START Raw data

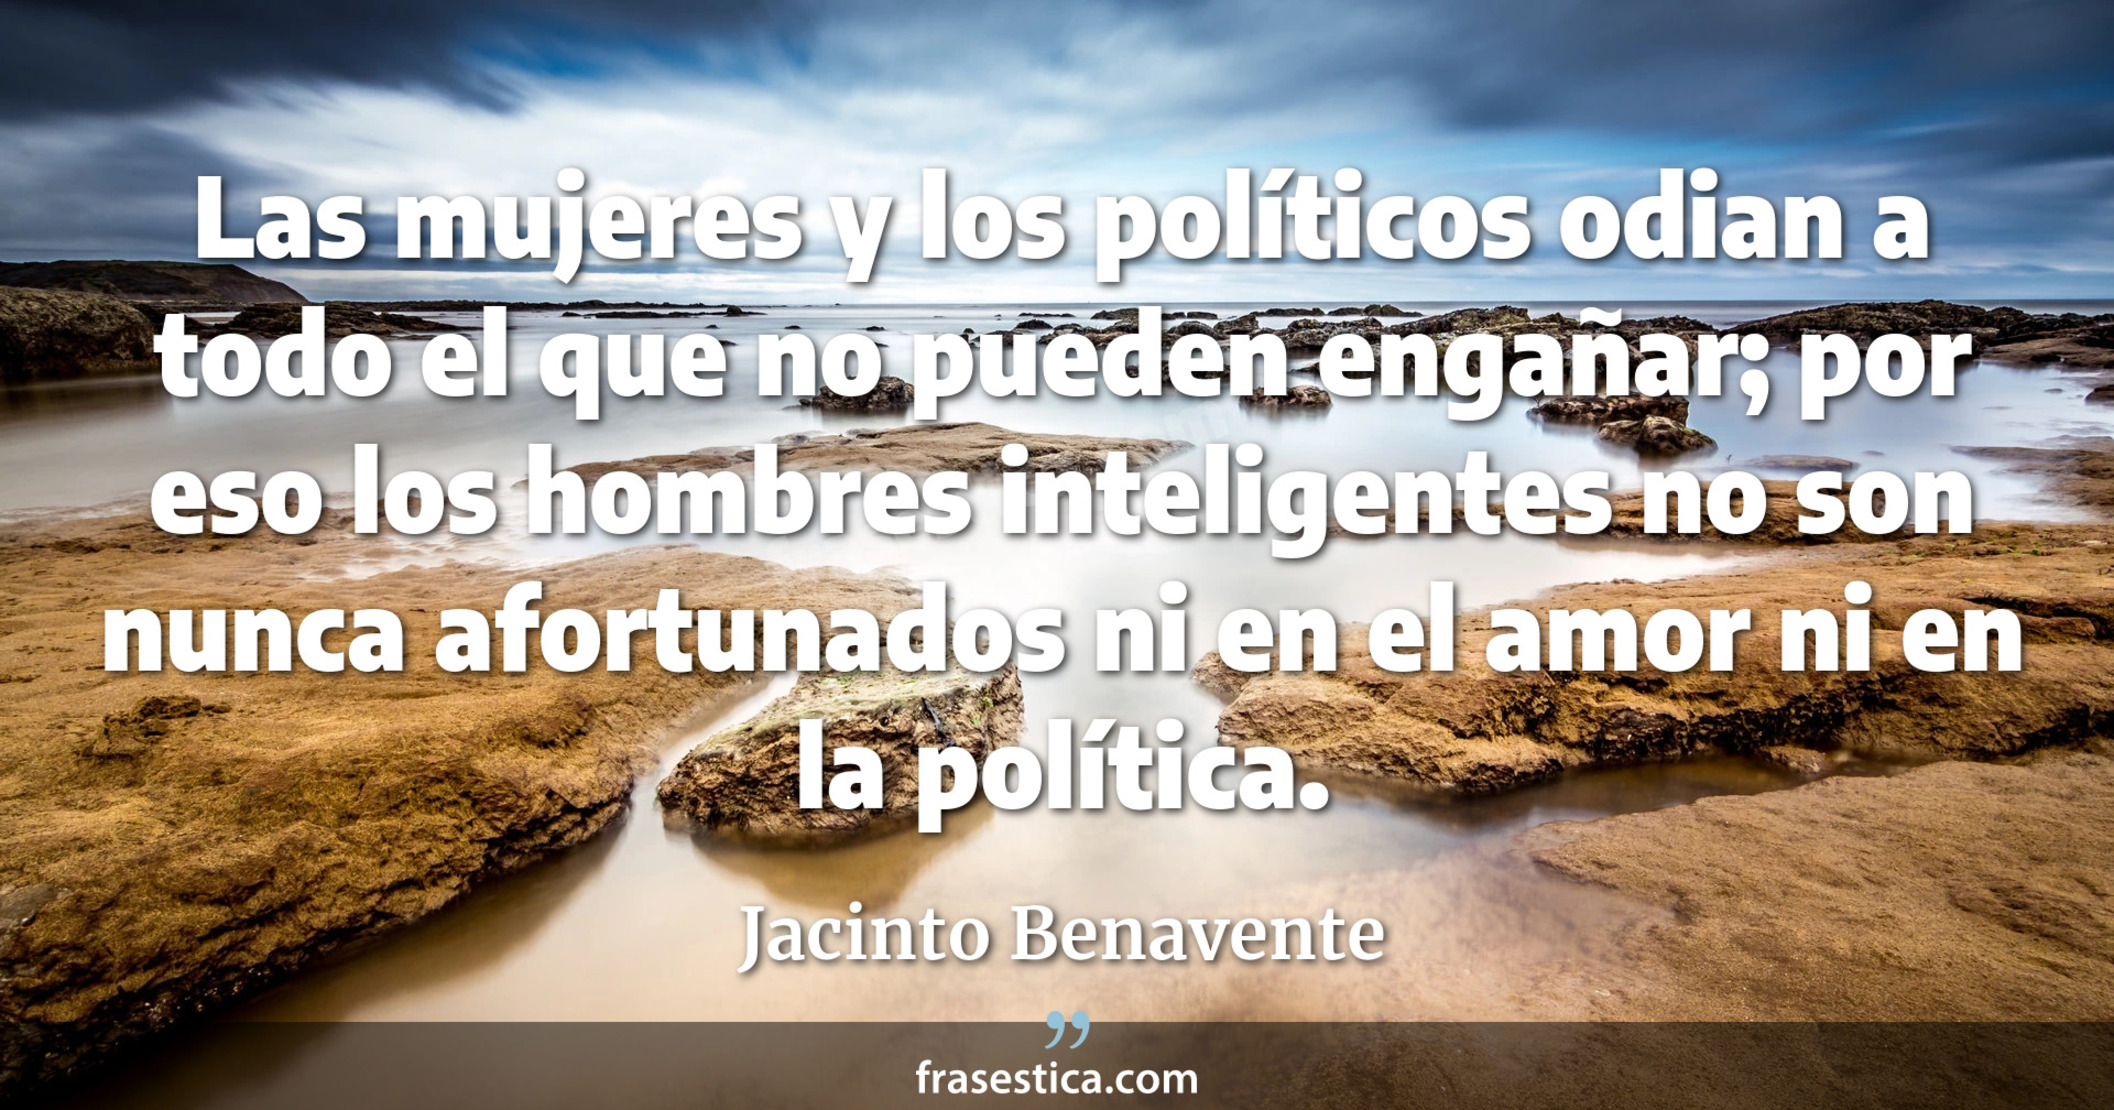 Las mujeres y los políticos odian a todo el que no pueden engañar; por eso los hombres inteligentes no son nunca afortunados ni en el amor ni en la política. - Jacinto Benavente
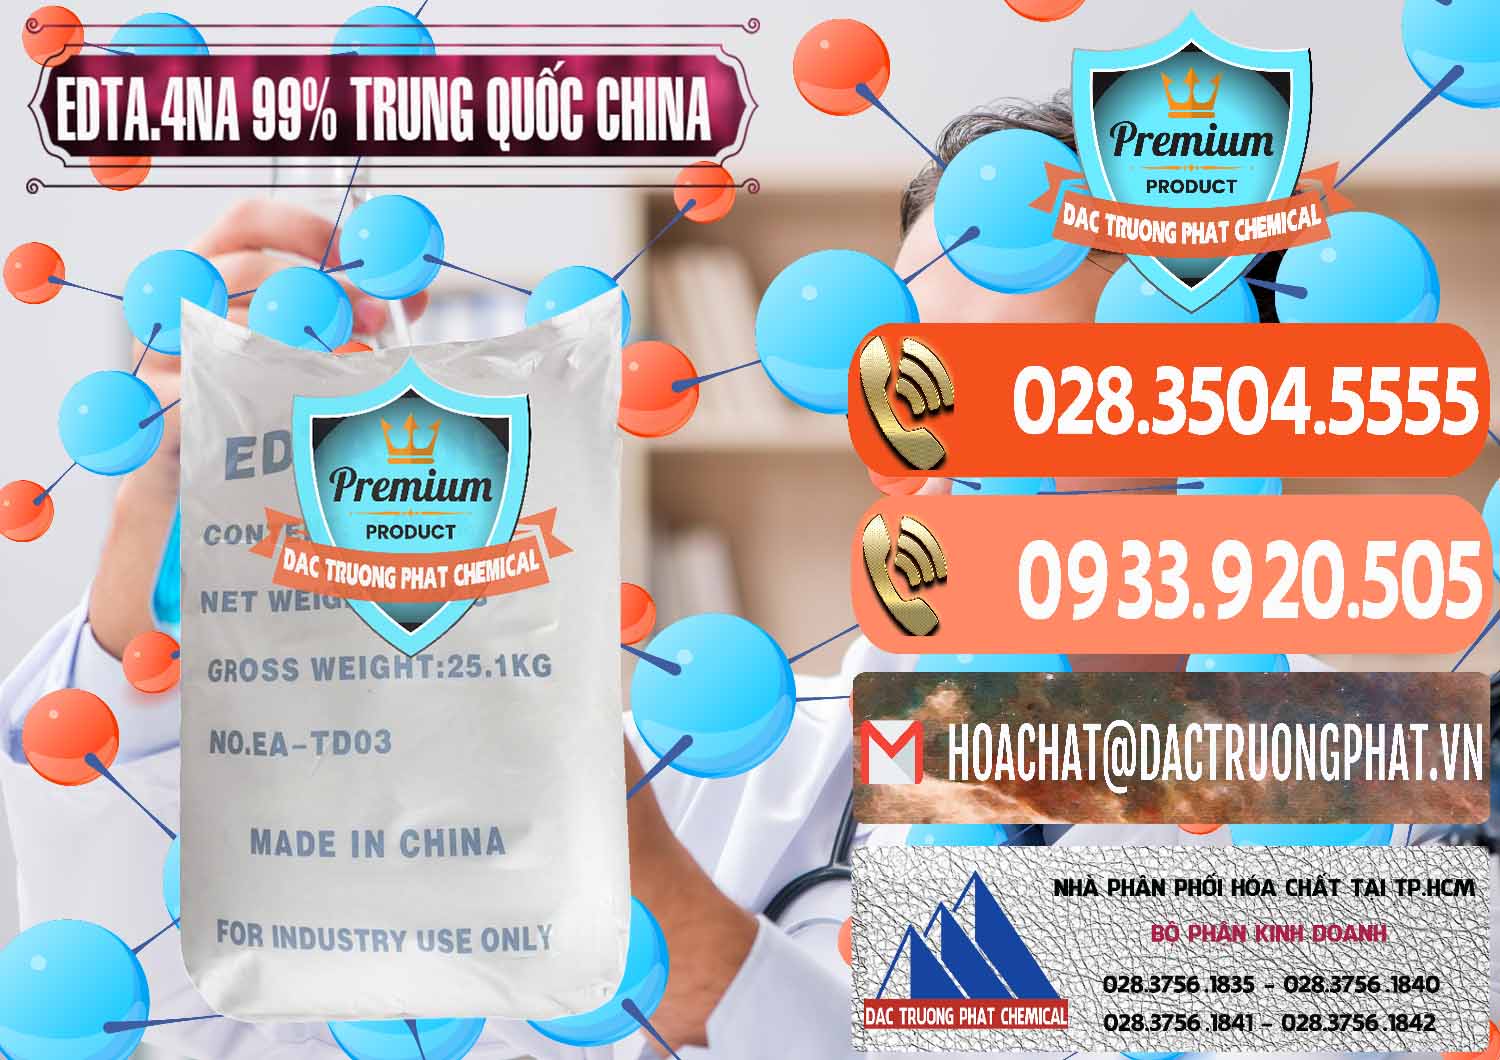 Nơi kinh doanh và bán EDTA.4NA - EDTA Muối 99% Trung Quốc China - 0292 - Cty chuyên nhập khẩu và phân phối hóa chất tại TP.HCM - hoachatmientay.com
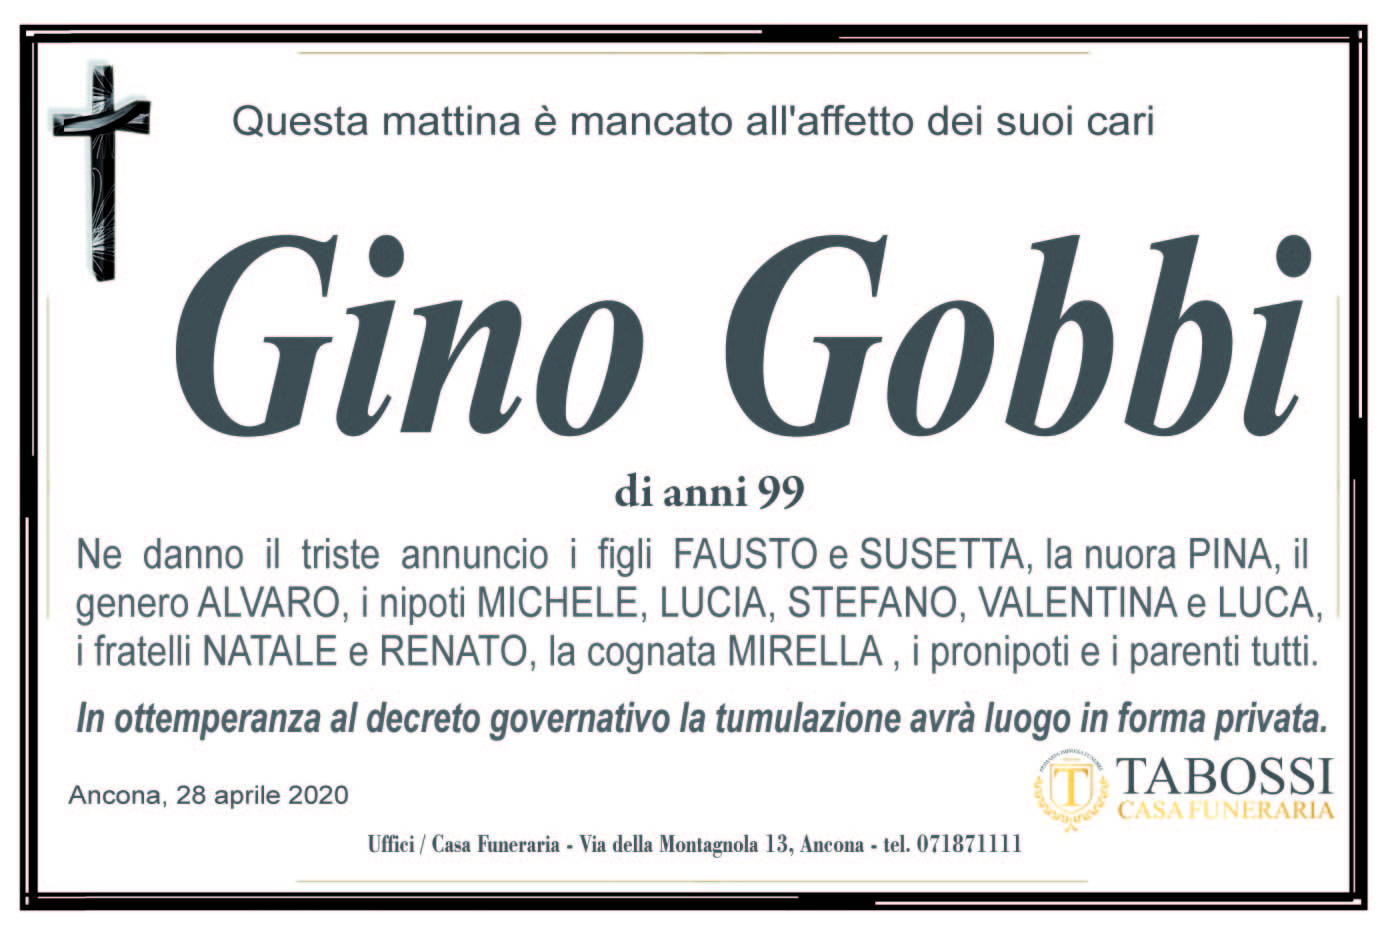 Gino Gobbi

END Raw data

Problem: Would you output the full listing exactly as it stands, minus the images?

Worked solution:
 Las mujeres y los políticos odian a todo el que no pueden engañar; por eso los hombres inteligentes no son nunca afortunados ni en el amor ni en la política. - Jacinto Benavente
 Nơi kinh doanh và bán EDTA.4NA - EDTA Muối 99% Trung Quốc China - 0292 - Cty chuyên nhập khẩu và phân phối hóa chất tại TP.HCM - hoachatmientay.com
 Gino Gobbi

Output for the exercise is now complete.